Epiblepharon Surgery: Procedure, Recovery, and Outcomes

Epiblepharon is an eyelid condition present at birth where an extra horizontal fold of skin causes the eyelashes to turn inward, touching the surface of the eye. This is commonly seen in children, particularly those of Asian, Hispanic, or Native American descent. The condition can affect either the upper or lower eyelid, but the lower lid is more frequently involved.

When Surgery Is Recommended

Many children with epiblepharon do not require immediate surgery, as the condition can improve on its own. As a child grows, facial bone development can cause the skin fold to recede, allowing the lashes to rotate outward. In mild cases, symptoms can be managed with lubricating eye drops or ointments to protect the eye’s surface. Observation is a common approach for young children without significant symptoms.

The recommendation for surgery arises when symptoms become persistent. A primary factor is the constant friction of the eyelashes against the cornea, the clear front part of the eye. This rubbing can lead to chronic eye redness, excessive tearing, persistent itchiness, and frequent eye rubbing. Some children may also develop photophobia, an aversion to bright lights, due to the irritation.

A doctor’s decision to proceed with surgery is based on evidence of damage to the cornea. If the constant lash contact leads to scratches, known as corneal abrasions, or if there is a risk of permanent scarring, surgery is advised. In some instances, neglected epiblepharon can also contribute to astigmatism, a type of refractive error.

The Surgical Procedure Explained

The primary goal of epiblepharon surgery is to reposition the eyelashes, rotating them away from the eyeball. This is achieved by creating a more defined eyelid crease, which stabilizes the lid margin and prevents the lashes from turning inward.

For the lower eyelid, the surgeon makes a fine incision just below the lash line. Through this opening, a small, predetermined amount of excess skin and underlying orbicularis oculi muscle is removed. This step allows the eyelid margin to be turned outward. The surgeon then places internal sutures to create this new orientation and secure the eyelid in its corrected position.

External sutures are used to close the skin incision, creating a new, stable eyelid fold. In children, this operation is performed under general anesthesia to ensure they remain safe and comfortable. Adults undergoing the procedure may only require local anesthesia with light sedation. The surgery is an outpatient procedure, taking approximately 45 to 60 minutes.
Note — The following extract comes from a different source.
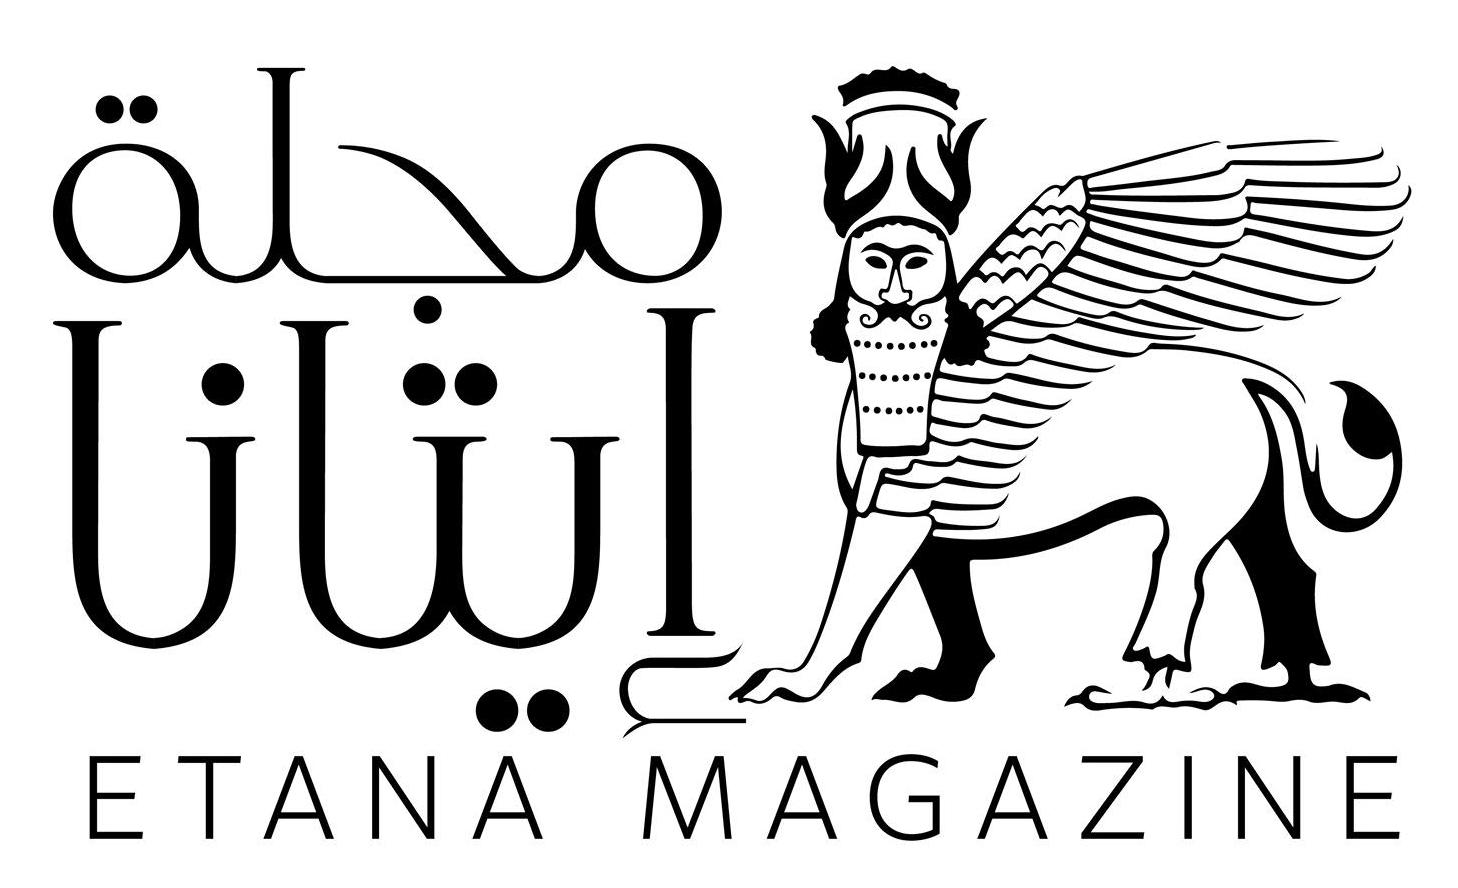 مجلة ايتانا | Etana Magazine

Post-Surgery Care and Recovery

Following the operation, some swelling and bruising around the eyes is normal and starts to subside within the first week. The recovery period is straightforward, with most noticeable signs of surgery diminishing over two to three weeks.

Patients are given aftercare instructions to prevent complications. This involves applying a prescribed antibiotic ointment to the incision line to prevent infection. It is important to avoid rubbing the eyes during the recovery period. Follow-up appointments are scheduled to monitor healing and, if non-dissolvable stitches were used, to have them removed about 7 to 10 days after the procedure.

Surgical Outcomes and Potential Complications

Surgical correction of epiblepharon yields positive results with a high success rate. The procedure effectively relieves the irritating symptoms caused by the inward-turning lashes and prevents further damage to the cornea. The scar from the incision is placed in a natural skin crease, such as just below the lower lashes or within the upper eyelid fold, and it heals into a fine line that becomes less obvious over time.

Although the surgery is safe, potential complications are uncommon. These can include under-correction, where the epiblepharon recurs, or over-correction, where the eyelid turns too far outward in a condition known as ectropion. Other risks include visible scarring or, more rarely, an infection at the incision site.